There are several ways to generate synthetic data. One common method to generate new samples is the SMOTE algorithm [18] (and variations of it), which generates new data by interpolating the original available ones. Other very common generative models are generative adversarial networks (GANs) [19], and variational autoencoders (VAEs) [20]. However, to ensure that these synthetic data are useful and do not only add noise to our real dataset, it is important to verify and evaluate whether they are representative of the real sample. Therefore, we need objective tools to compare the synthetic data to the real data and then evaluate the differences.

In this paper, we aim to explore the utility measures for assessing the quality of synthetic data generated from real datasets, particularly in the context of tabular data. Our research aims to investigate and analyze the utility measures that can effectively quantify the difference between real and synthetic tabular data. By examining the applicability of these measures in the context of real-world datasets, we aim to provide valuable insights into the assessment of synthetic tabular data quality. Finally, a crucial aspect of our research is to evaluate the effectiveness of data augmentation using synthetic data specifically in the context of tabular data classification tasks. By incorporating synthetic data into the training process, we aim to examine its impact on improving classification performance. Through this evaluation, we not only assess the performance of the classification models but also gain insights into the generative methods employed. The ability of these methods to accurately learn and capture the underlying distribution of the data is therefore intrinsically evaluated. We consider that this evaluation provides valuable information regarding the suitability and effectiveness of the generative methods in generating synthetic data that closely aligns with the characteristics and patterns of the original dataset. By thoroughly assessing the classification performance and considering the impact of data augmentation, we can shed light on the potential of synthetic data for improving classification accuracy and expanding the capabilities of machine learning models in handling tabular data. Moreover, the evaluation of different generative methods contributes to advancing the field of generative modeling, providing insights into the strengths and limitations of these methods in learning complex data distributions.
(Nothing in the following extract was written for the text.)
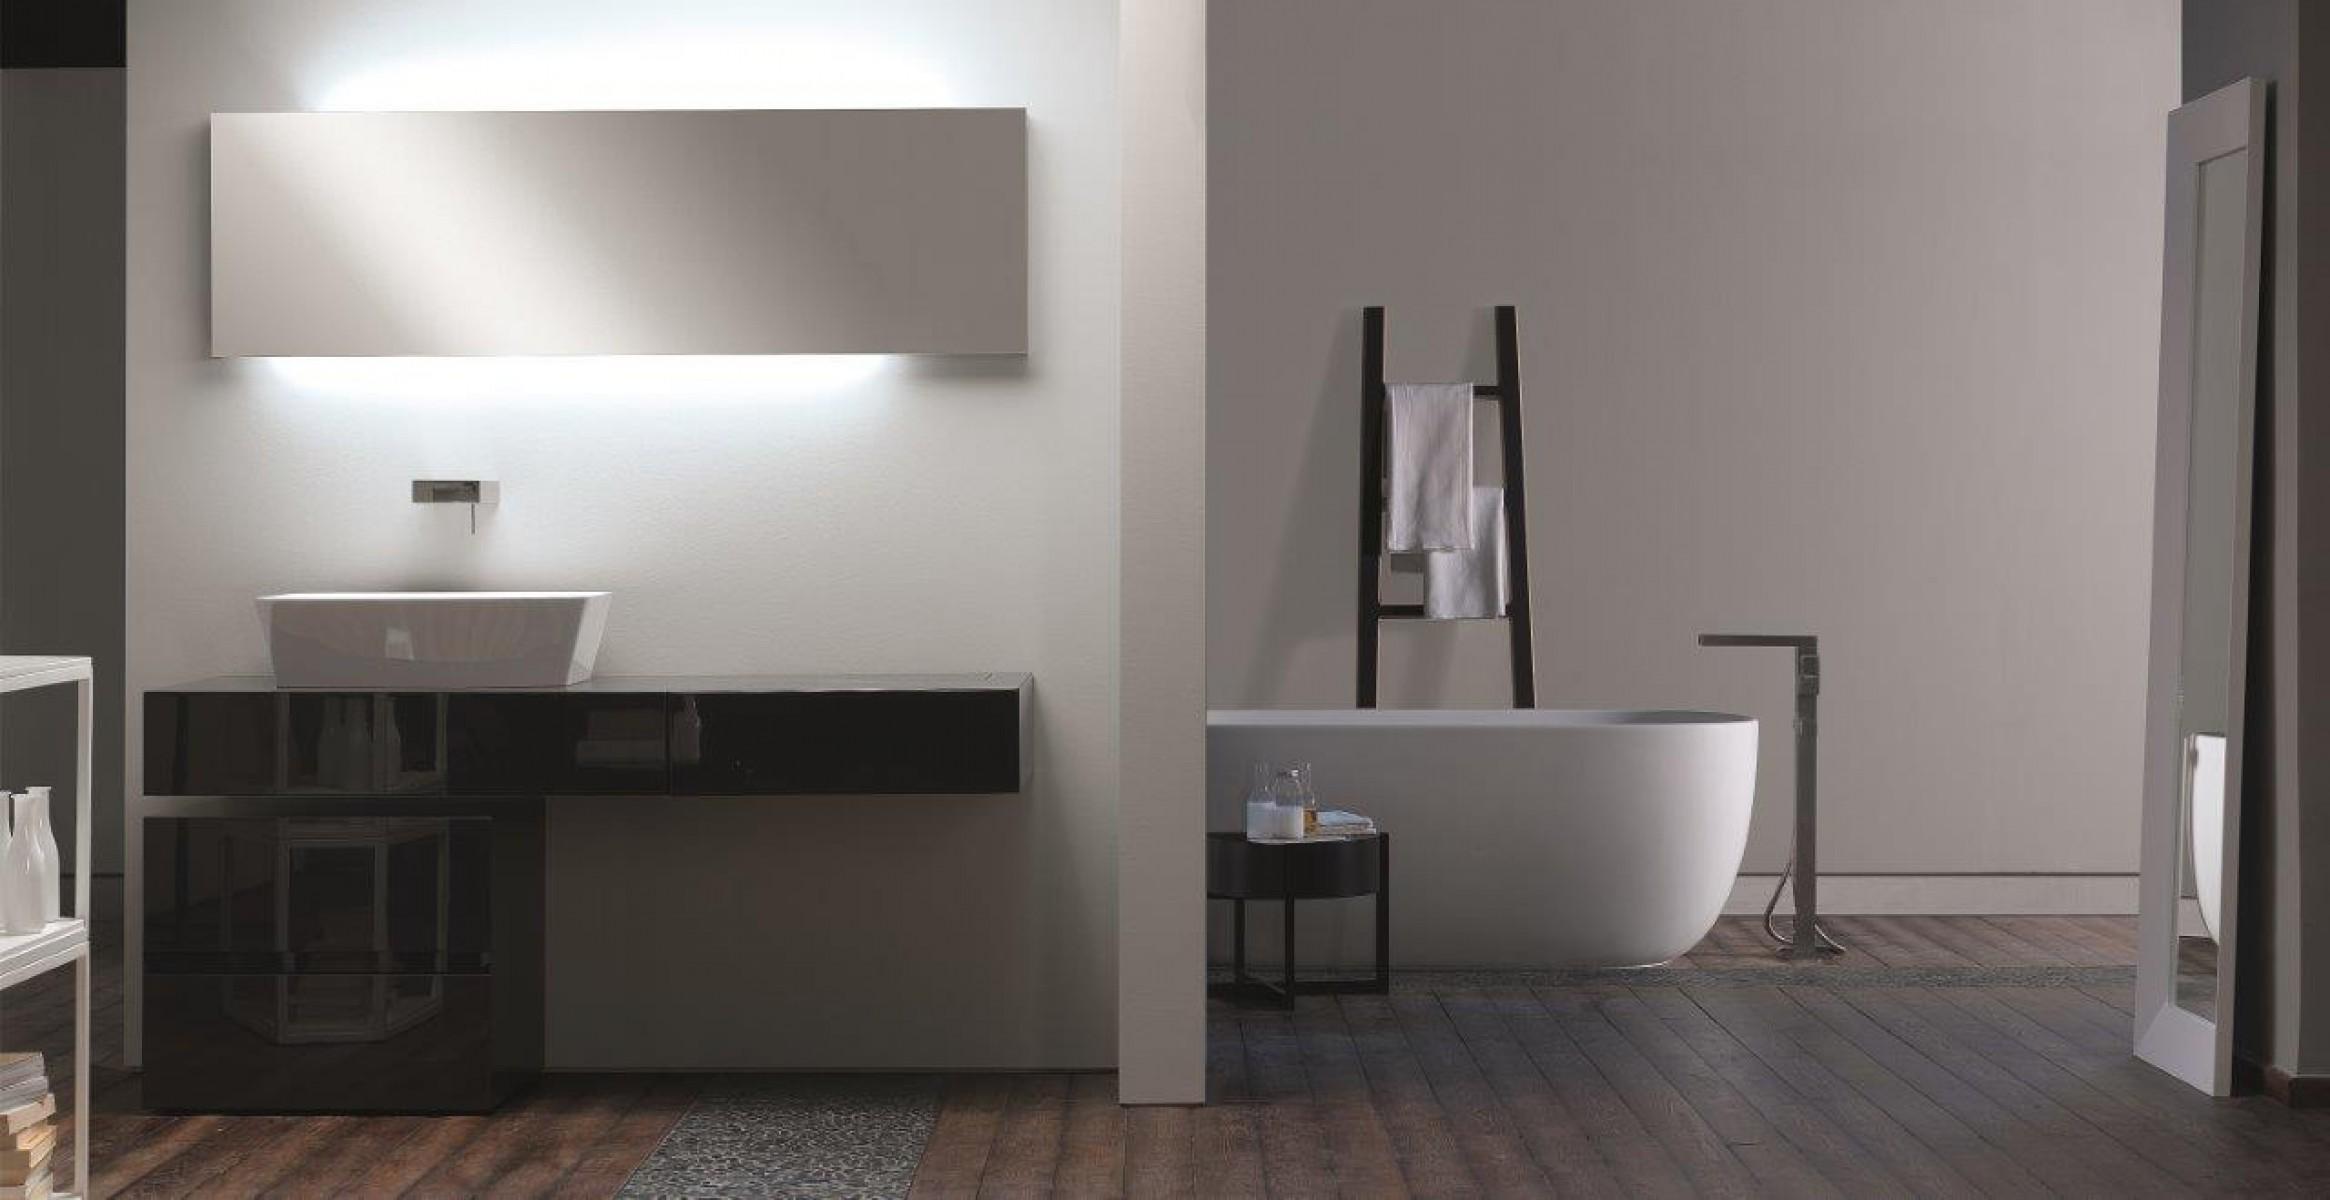 Ital Designs Hong Kong ultra modern italian bathroom design

In Section 2, we present the statistical utility measures categorized based on their ability to capture different types of information. Section 3 examines how we can determine the usefulness of the generated data for our classification task. The datasets used in this study are described in Section 4. Section 5 provides a list and description of the generative methods employed to create the synthetic data used for augmentation. Lastly, Section 6 presents the results obtained in our analysis.

2. Statistical Utility Measures

To ensure that synthetic data accurately represents the characteristics of the real data, it is essential to evaluate the similarity between their distributions. Utility measures, also known as evaluation metrics, are used to assess the performance or effectiveness of a system, model, algorithm, or any other process. This type of evaluation comes in handy for our purpose: in order to assess the goodness or truthfulness of synthetic data we want to measure their similarity to real data in terms of distribution. Utility measures are divided into three categories based on how thoroughly they investigate the distributions. In univariate measures, the focus is on preserving the individual distributions of each column in the original data. This is achieved by comparing the similarity between the synthetic data and the original data column-by-column. The second category, known as bivariate extends the measure to consider the correlation between the columns being studied. Hence, it is a pairwise study. Finally, the third category, multivariate, examines the joint distribution of all the columns together, translating into a comparison made between two complete datasets.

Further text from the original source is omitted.